本記事では、Windows版CmdStanR動作するCmdStanRでGPU(OpenCL)を使う方法を紹介します。「CmdStanRってナニソレオイシイノ?」って人は、清水先生の資料を参照してください。
先日、WindowsのWSL2(Ubuntu)上のCmdStanRで、GPUを使う方法を紹介されている記事を見かけ、これならWindows上で動作するRやRStudio上でも行けそうだなと思い、試してみることにしました(WSL2がGPUを認識してくれなかったので)。
基本的には公式サイトとvignettesを参考にしています。ただ、筆者の環境ではつまづきポイントがあったので、解決方法もまとめて紹介します。ちなみに、NVIDIA GPUでの動作紹介になります、AMDのものを使用する場合は、AMD用のドライバーを入れる必要があり、CmdStanのインストールで別途設定が不要かもしれません。
目次
動作環境
- R: 4.1.1 / RStudio: 1.4.1717 / CmdStan: 2.27.0
- RAM: 32GB
- CPU: Core i9-10885H
- GPU: NVIDIA GeForce RTX 2060 6GB GDDR6 Max-Q
動作確認環境は上記の通り。なお、既にRStanやCmdStanRが動作するという前提で話を進めます。
Windows版CmdStanRでGPU(OpenCL)を使う方法
1. CUDAのGPUドライバーを導入する。
NVIDIAのCUDAのToolkitをインストールしておきます。既に導入されている場合は不要です。
2. CmdStanRとCmdStanのインストール
install.packages("cmdstanr", repos = c("https://mc-stan.org/r-packages/", getOption("repos"))) path_to_opencl_lib <- "C:/Program Files/NVIDIA GPU Computing Toolkit/CUDA/v11.4/lib/x64" cpp_options = list( "CXXFLAGS += -fpermissive", "PRECOMPILED_HEADERS"=FALSE, paste0("LDFLAGS+= -L\"",path_to_opencl_lib,"\" -lOpenCL") ) install_cmdstan(cores=4, overwrite = TRUE, cpp_options = cpp_options)
CUDA Toolkitのセットアップが終わったらCmdStanRのインストール(既にインストールした人は再インストール)を行います。
“cpp_options”で、OpenCLのライブラリの場所を指定します。これを設定して、CmdStanをインストールしないと”In file included from stan/src/stan/model/model_header.hpp:18:…..”といったエラーが表示され、そもそもコンパイルから動作しませんでした。

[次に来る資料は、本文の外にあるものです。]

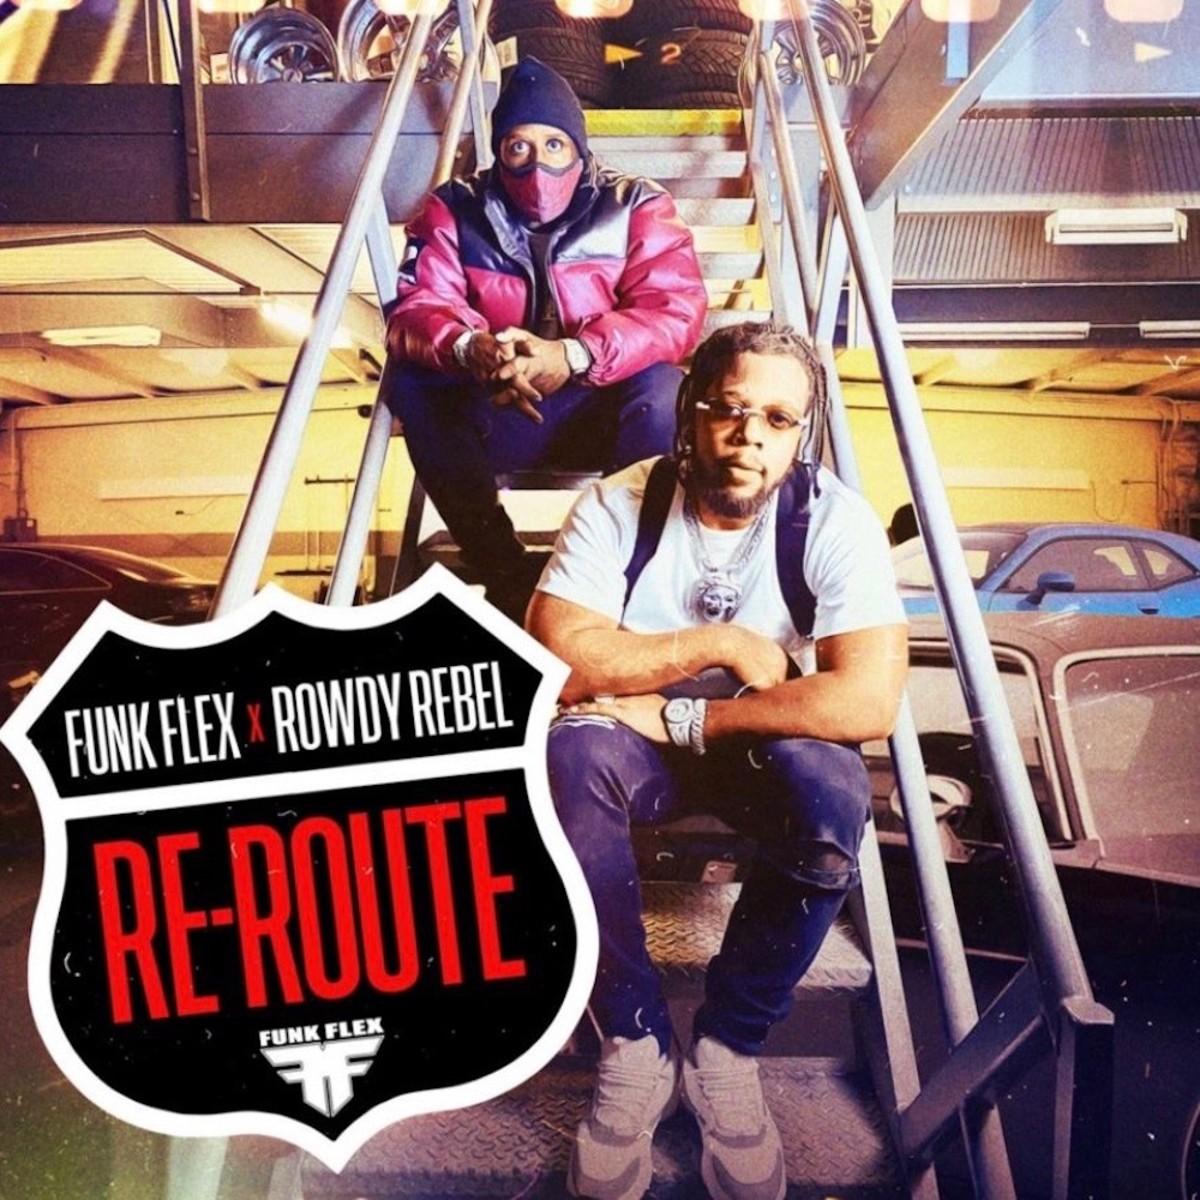 Rowdy Rebel и Funk Flex делятся видео на новый трек «Re-Route»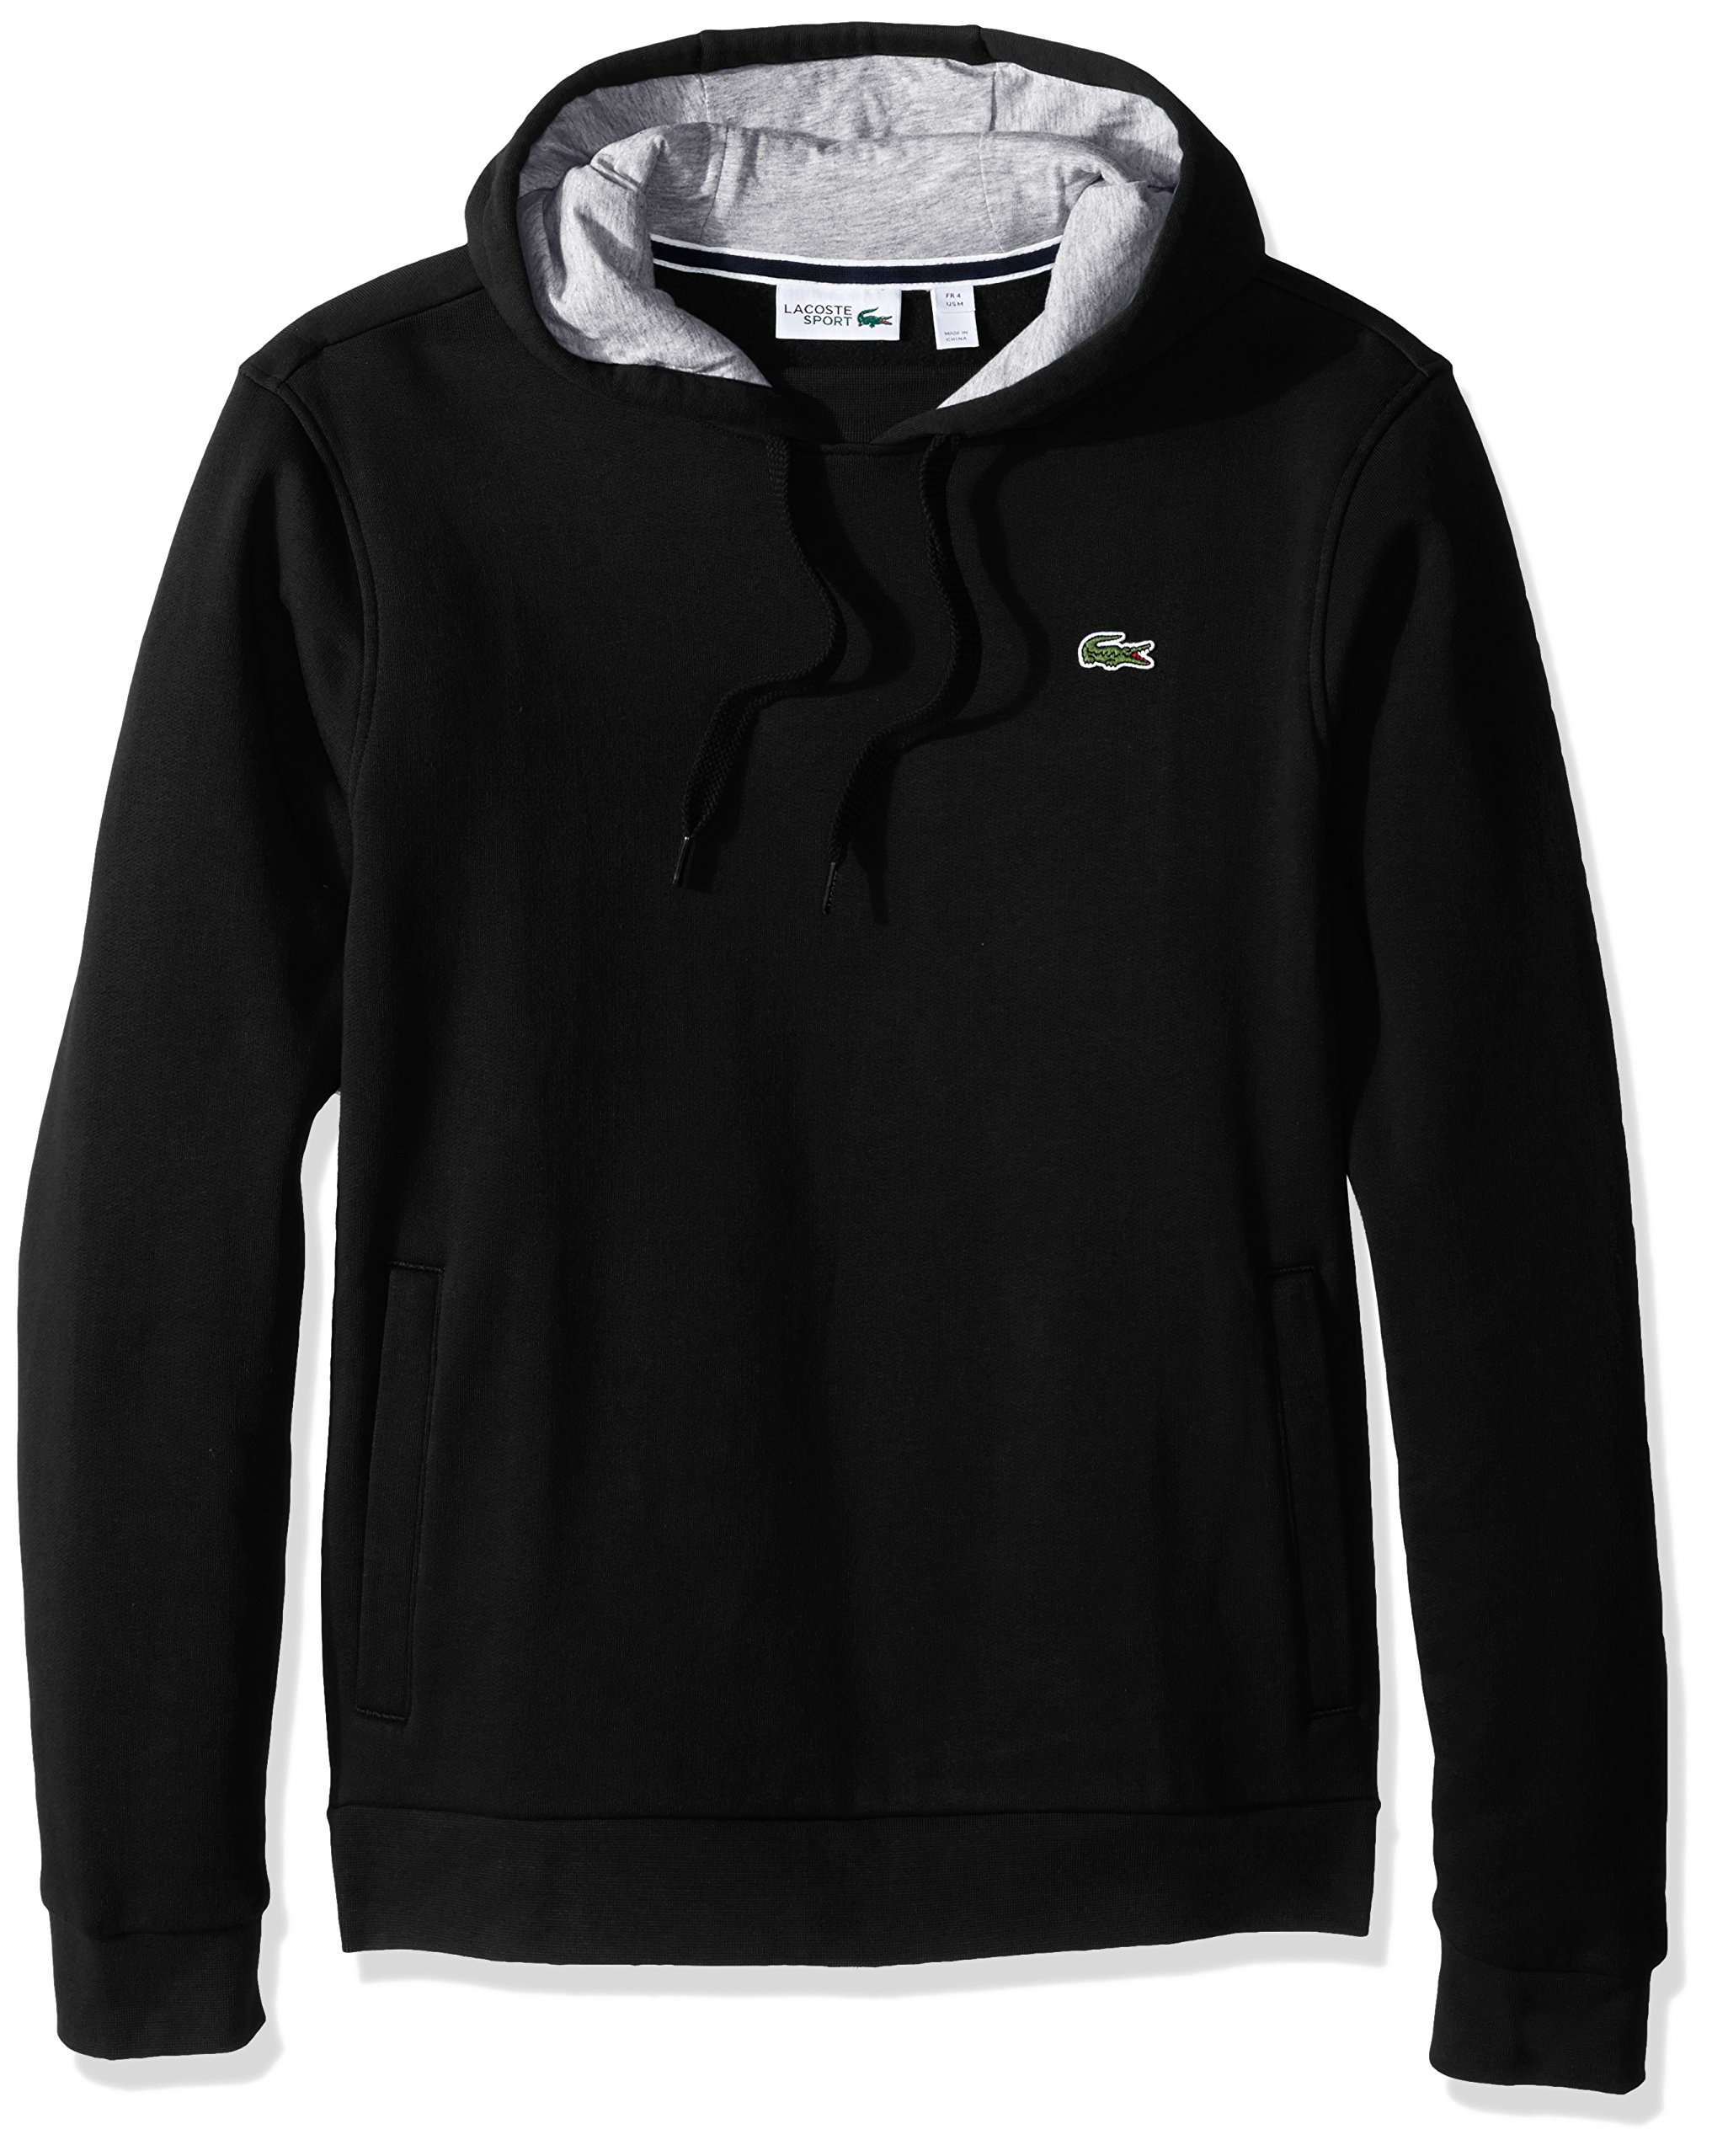 Lacoste Men's Sport Pull Over Hoodie Fleece Sweatshirt, SH2128, Black/Silver Chine, XXX-Large

もともとのマニュアル等には、こうした設定は書かれていません。ここをスキップして、とりあえずモデルを実行してみて、ダメだったら再インストールしてみましょう。
GPU(OpenCL)を使ってStanを回す
# モデルをコンパイルする(STAN_OPENCL=TRUEを明記する) mod_cl <- cmdstan_model("opencl-files/bernoulli_logit_glm.stan", cpp_options = list(stan_opencl = TRUE)) #サンプリングする(opencl_ids = c(0, 0)でGPUを指定) fit_cl <- mod_cl$sample(data = mdata, chains = 4, parallel_chains = 4, opencl_ids = c(0, 0), refresh = 0)
モデルをコンパイルする際に、”cpp_options = list(stan_opencl = TRUE)”と書き、OpenCL向けにコンパイルすることを明記します。
また、サンプリングする際には、”opencl_ids = c(0, 0)”で、GPUのPlatform番号とDevice番号を指定します。番号は、WindowsユーザーならStan Math Libraryで公開されている、clinfo.exeをダウンロードし、Powershell等でパスを通し、”clinfo -l”を打つと確認可能です。
めっちゃ速い
Stanの公式サイトで公開されているサンプルコードを走らせてみました。OpenCLで回したのが左、CPUのみは右。
GPUを使うと78秒、CPUのみの場合は392秒。大体1/5くらいの高速化になっています。ノートパソコン向けのCPUとGPUでこのくらいの高速化がされているので、デスクトップ向けならかなり期待できますね。